I did an intro, obviously the middle bit isn't working for you, but the conclusion isn't here yet. I can see I better strive my utmost to make it convincing.

"I'm also wondering why you think Faith is a disassociative schizophrenic, because it's not ringing any canon bells for me."
I first read the theory in Levy's TV tie in book 'Go ask Malice' which was a bio of Faith's life before Sunnydale.
It's because Faith hallucinates and blacks out and she's just at the age bracket where these things manifest.

If she's not a schizophrenic I'd go with suffering Post Traumatic stress. But she's definitely mentally ill in Sunnydale.

Wesley (before he gets tortured by her) says Faith's a sick, sick, girl.

"I think it's mainly that I like what you're trying to do, but think that there are better ways for you to do it, and that an actual, structured essay (paragraphs, and discussion more than just rattling off surface similarities"

The terrible thing is I'm trying - oh god, obviously writing an essay is not like riding a bicycle.
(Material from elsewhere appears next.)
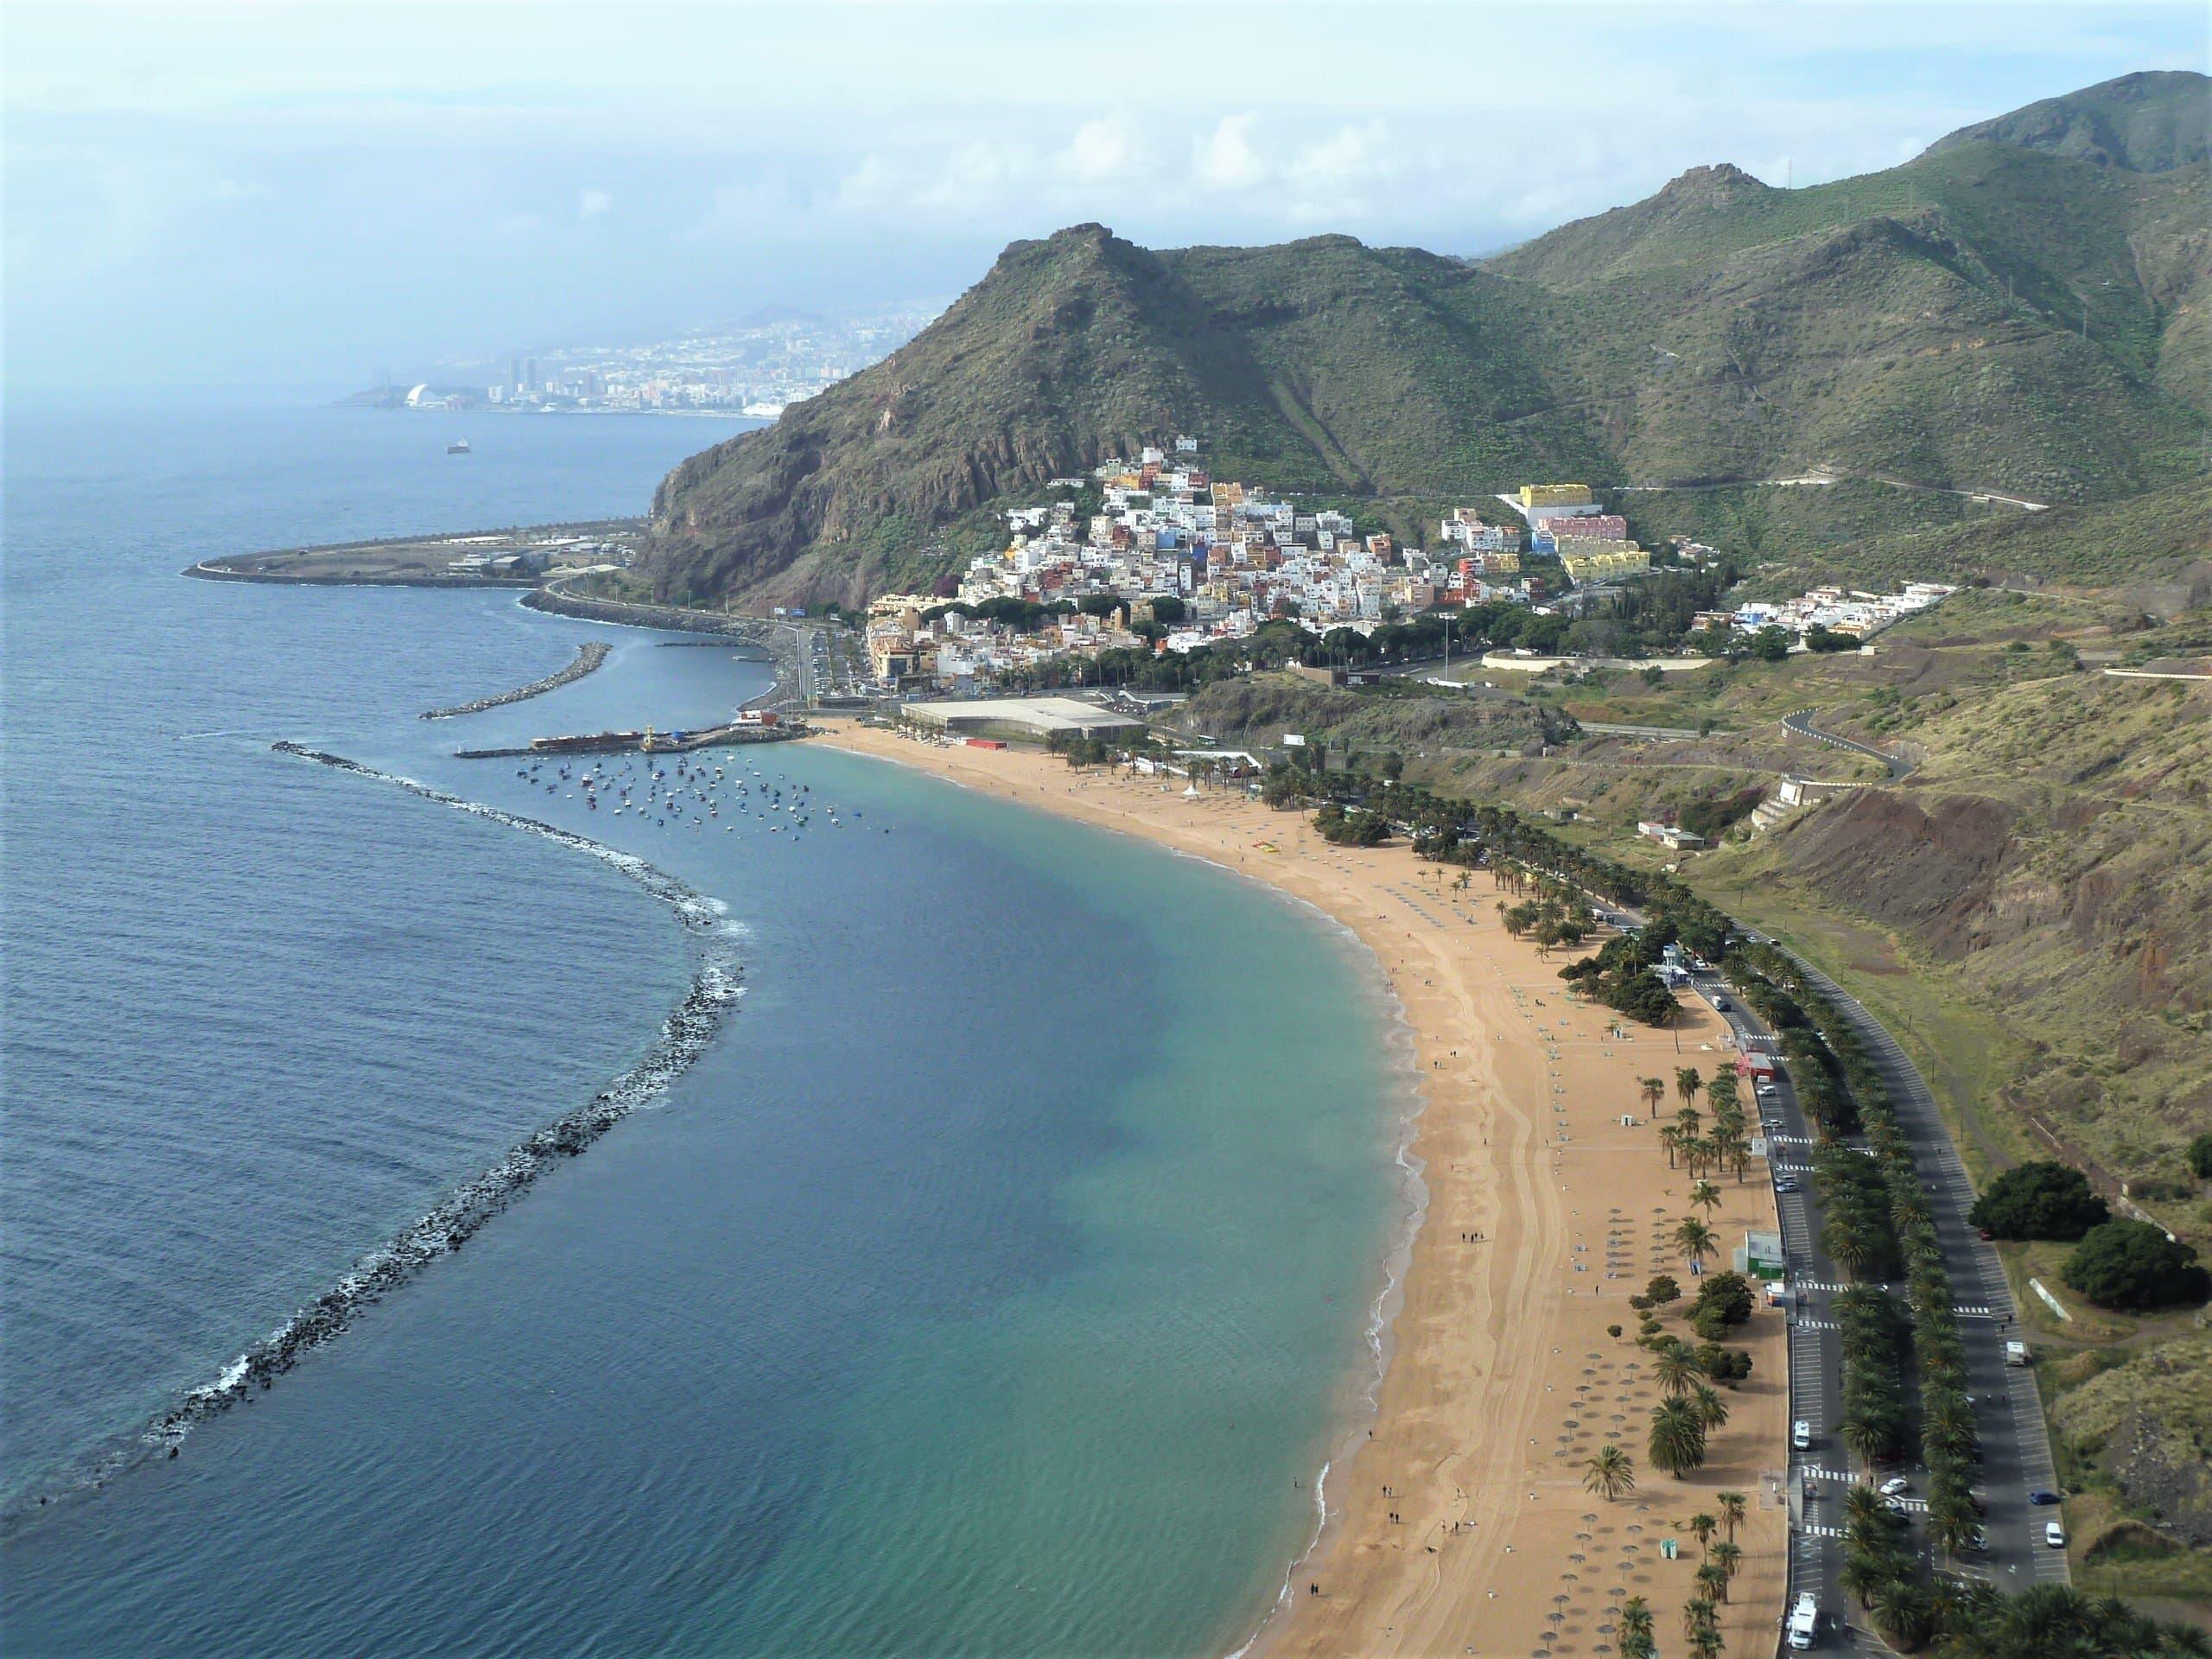 Der Strand de las Teresitas

Still if at first you don't succeed, try, try, try again.

If only there was a box marked 'superficial article' I could have ticked.

Thanks again for your helpful review. :)
Review By [littleoldme] • Date [9 Sep 07] • Not Rated
Review of chapter "Part One" from Booster
Review:
Okay, now this is fascinating comparisons you've drawn here, and I'd certainly like to see more.

My only trouble is the formating - your chosen structure makes it hard to read in places with the dialogue quotes almost running into your discussion points. May I suggest italics for the quotes? And underlining would suggest the start of sections a lot better.
Comments from author:
thank you for such useful feedback, changing now.